- **Your instructions**
Pictures are not part of the copy; reproduce the remaining data exactly.

- **Supplied material**
┌────────
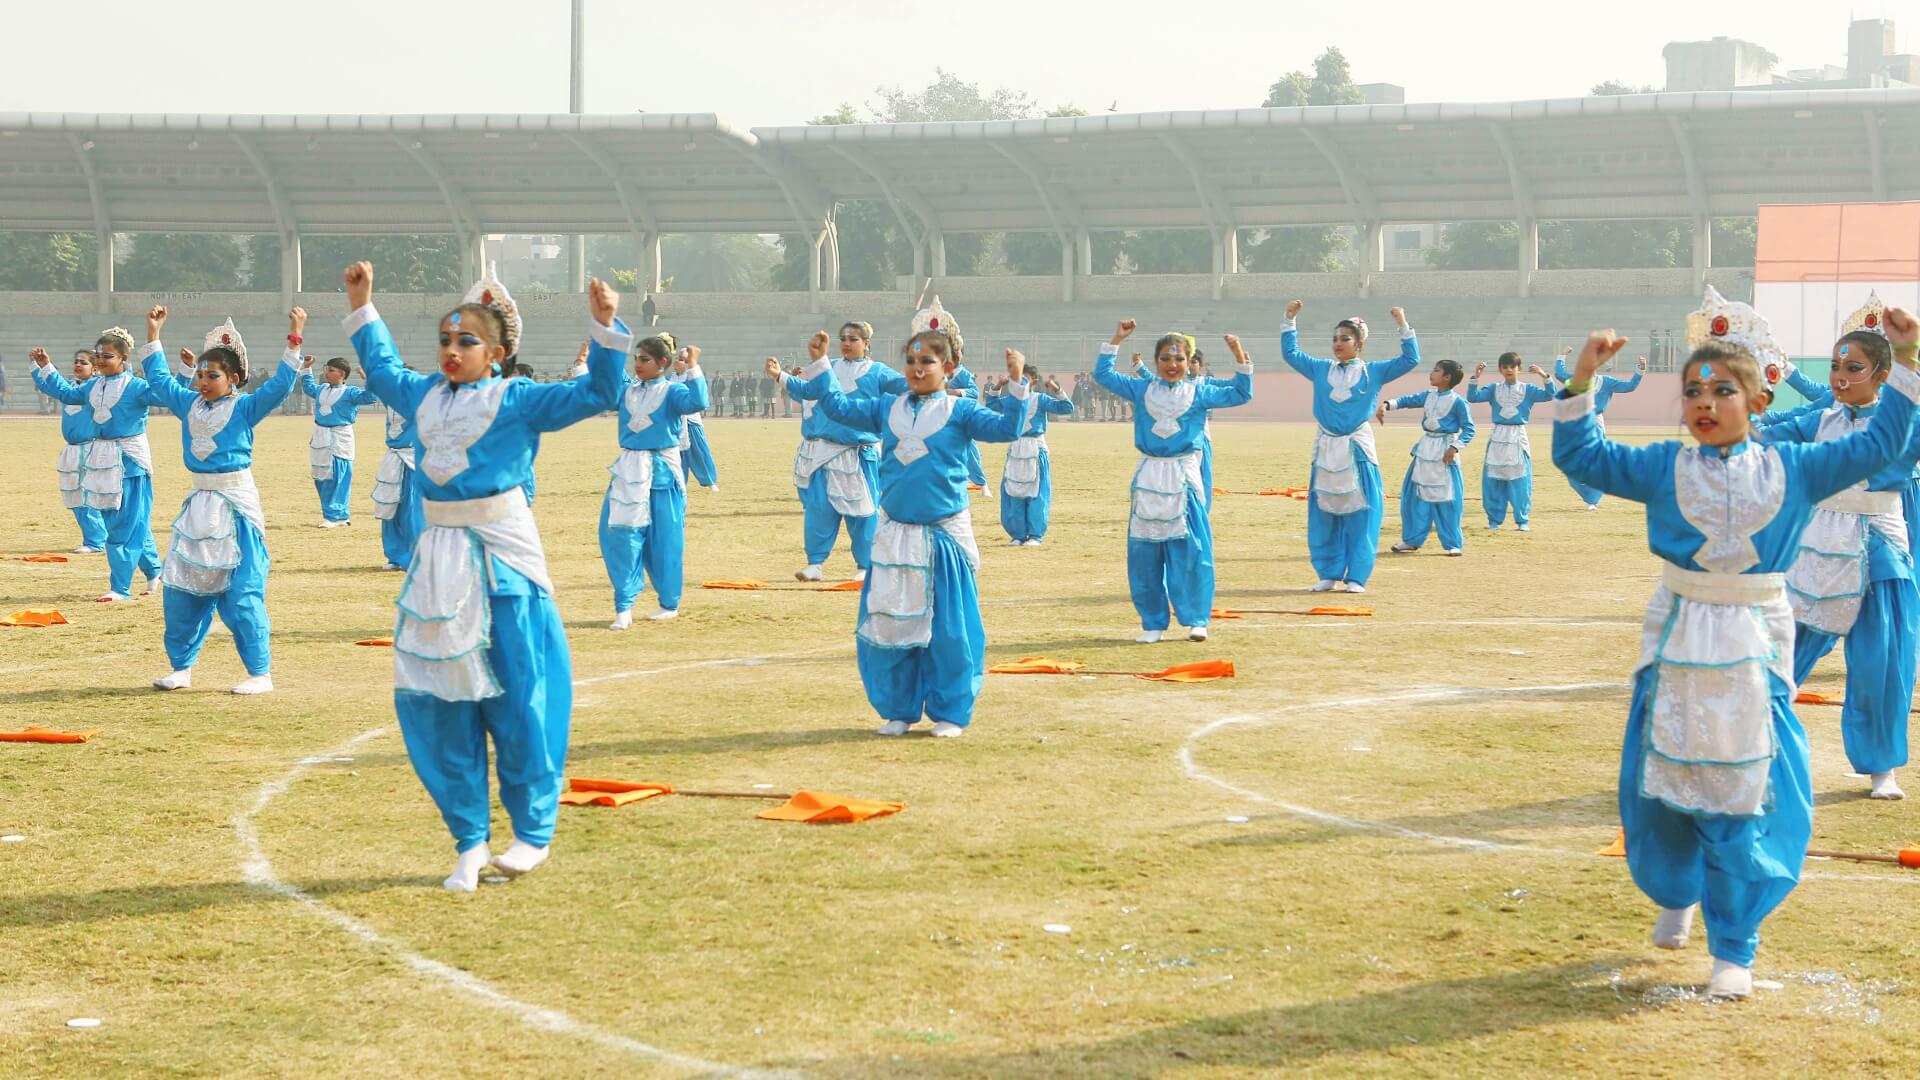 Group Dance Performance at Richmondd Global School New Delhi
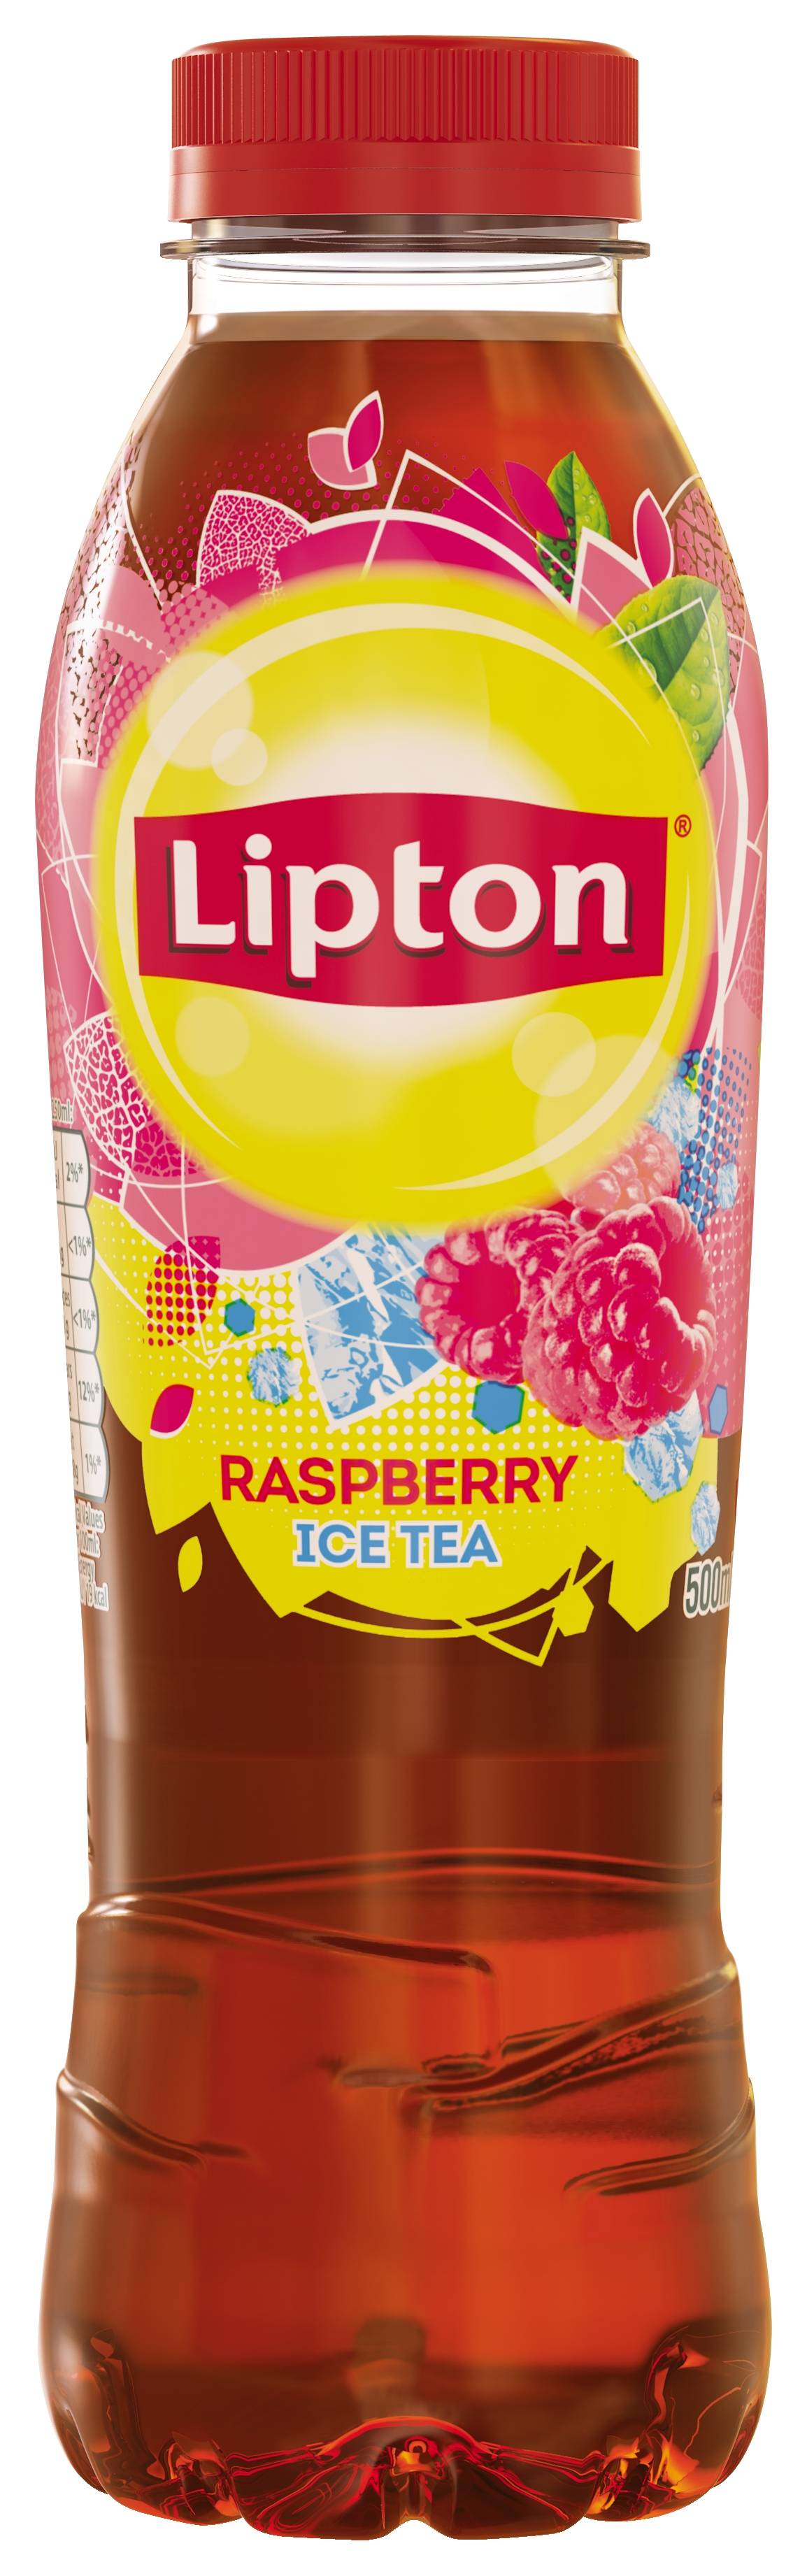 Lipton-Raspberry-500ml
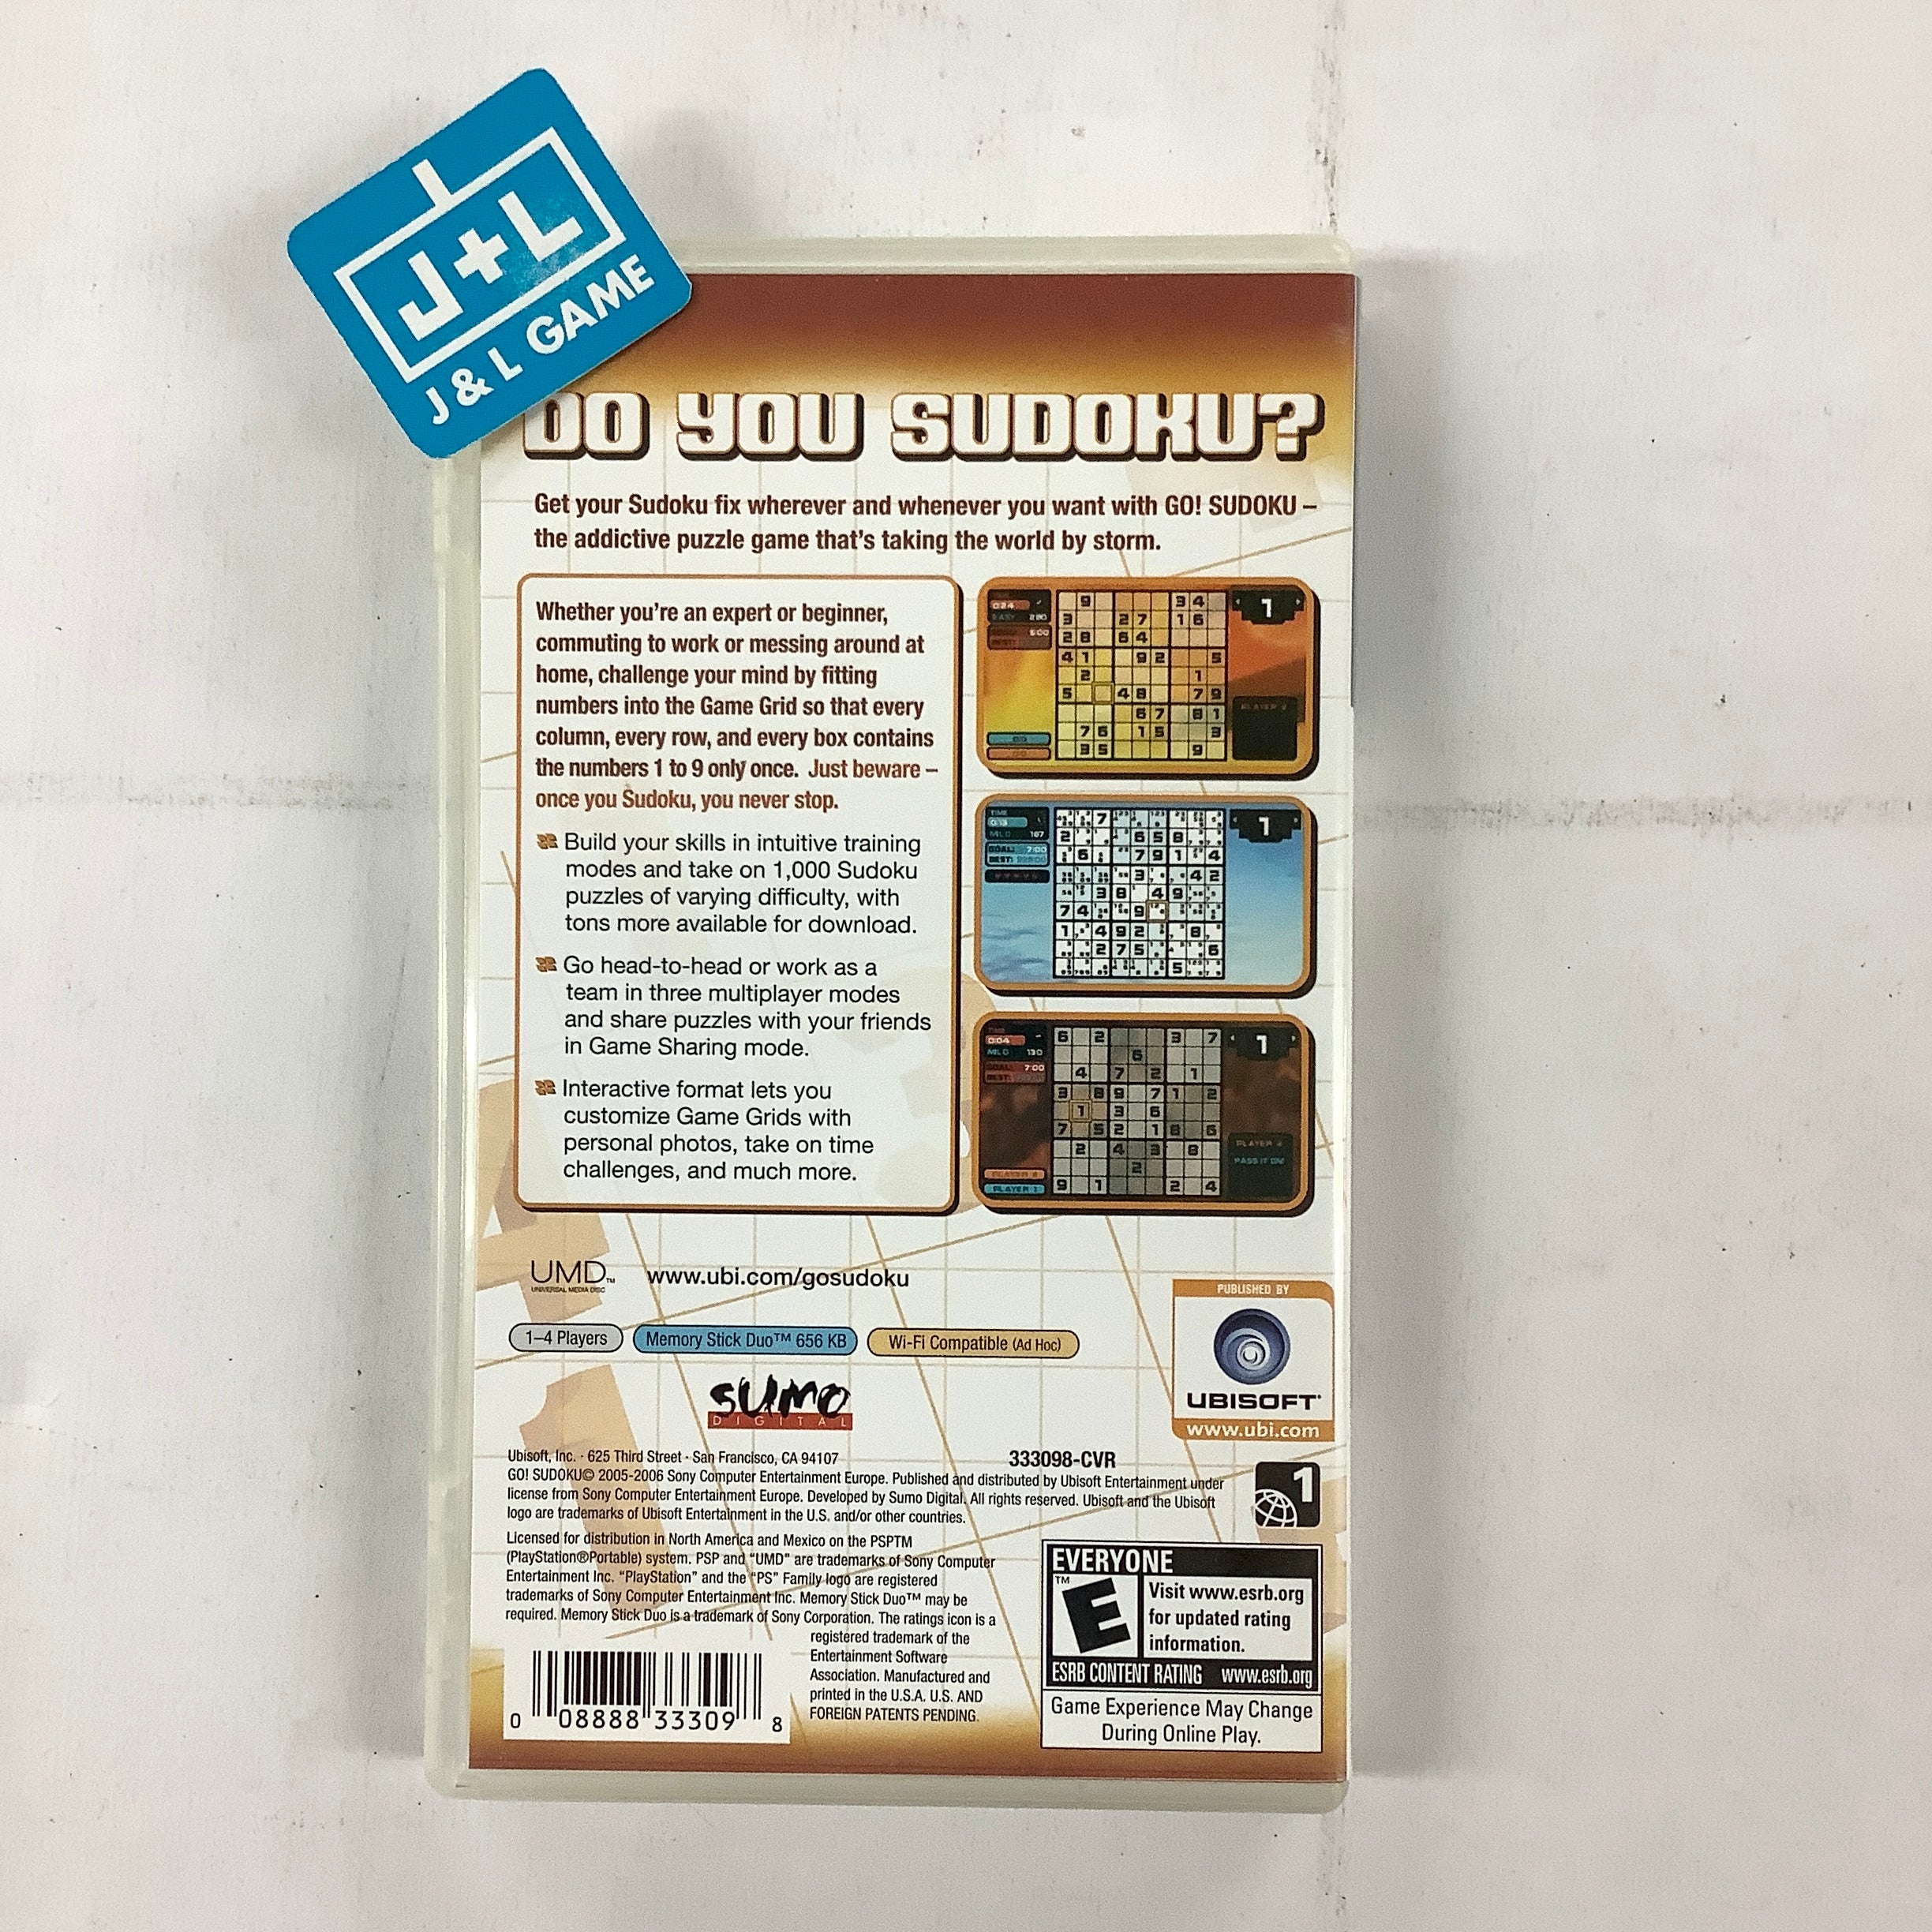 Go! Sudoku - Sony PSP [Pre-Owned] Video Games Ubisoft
└────────
- **Task solution**
 Group Dance Performance at Richmondd Global School New Delhi
 Lipton-Raspberry-500ml
 Go! Sudoku - Sony PSP [Pre-Owned] Video Games Ubisoft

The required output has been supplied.